In Listing B, the select() example in Listing A is shown as poll().
Alternatives to select() and poll()
Even with the advantage of having multiplexed event notification via select() or poll(), other implementations exist that provide better performance. However, these implementations are not standardized across platforms. You must weigh the potential performance benefits of using one of these specialized implementations against the loss of portability. We will examine two of these alternatives: Solaris' /dev/poll and FreeBSD's kqueue.
As you will see, both implementations gain their key performance benefits by leveraging the fact that, in the real world, developers continually call select() or poll() with the same fds. To eliminate overhead when passing the same arguments each time, fds that are examined can be cached. This approach also works well when a large number of fds are monitored, because some select() and poll() implementations have scalability issues.
In Solaris 7, Sun introduced the /dev/poll device. To use /dev/poll, you first open /dev/poll as you would for a normal file. Then, you construct pollfd structures in a manner similar to the normal poll() call. These pollfd structures are then written to the open /dev/poll file descriptor. For the lifetime of this open handle, /dev/poll will now return events according to that pollfd structure. (Note that a special POLLREMOVE in the events field of the pollfd structure will remove that fd from /dev/poll's list.) A program retrieves the information from /dev/poll by calling a special ioctl (DP_POLL) and dvpoll structure. By using the dvpoll structure, the events that have occurred can be determined.
Linux support and other resources
A patch exists to add /dev/poll support for the Linux 2.4 series, but it has not currently been accepted into mainstream Linux kernel trees. On the FreeBSD site, you can check man pages for Solaris, Red Hat, and other operating systems.
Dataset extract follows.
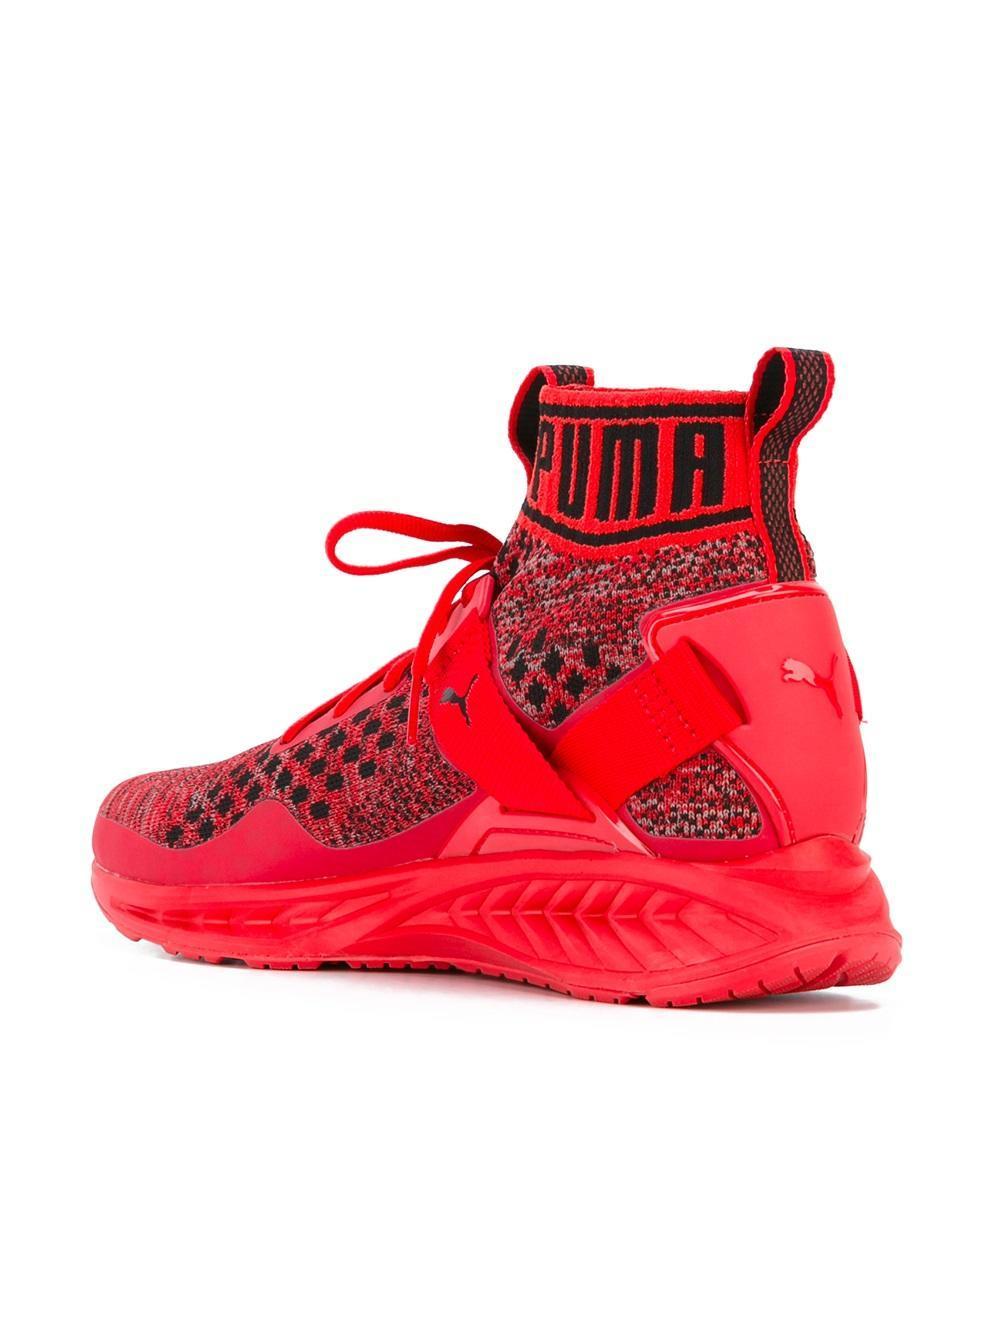 Puma Ankle Shoes For Men

Introduced in FreeBSD 4.1, FreeBSD's kqueue API is designed to address a wider range of notifications than any of the other alternatives presented here. The kqueue API provides several generic filters that allow mimicking of the poll() semantics (EVFILT_READ and EVFILT_WRITE). However, it also allows notification of file system changes (EVFILT_VNODE), process state changes (EVFILT_PROC), and delivery of signals (EVFILT_SIGNAL). For more information on kqueue, download Jonathan Lemon’s paper (PDF format) from the BSDCon 2000, "Kqueue: A generic and scalable event notification facility."
To build on the introduction to select() and poll() presented in this article, I highly recommend Advanced Programming in the UNIX Environment by W. Richard Stevens.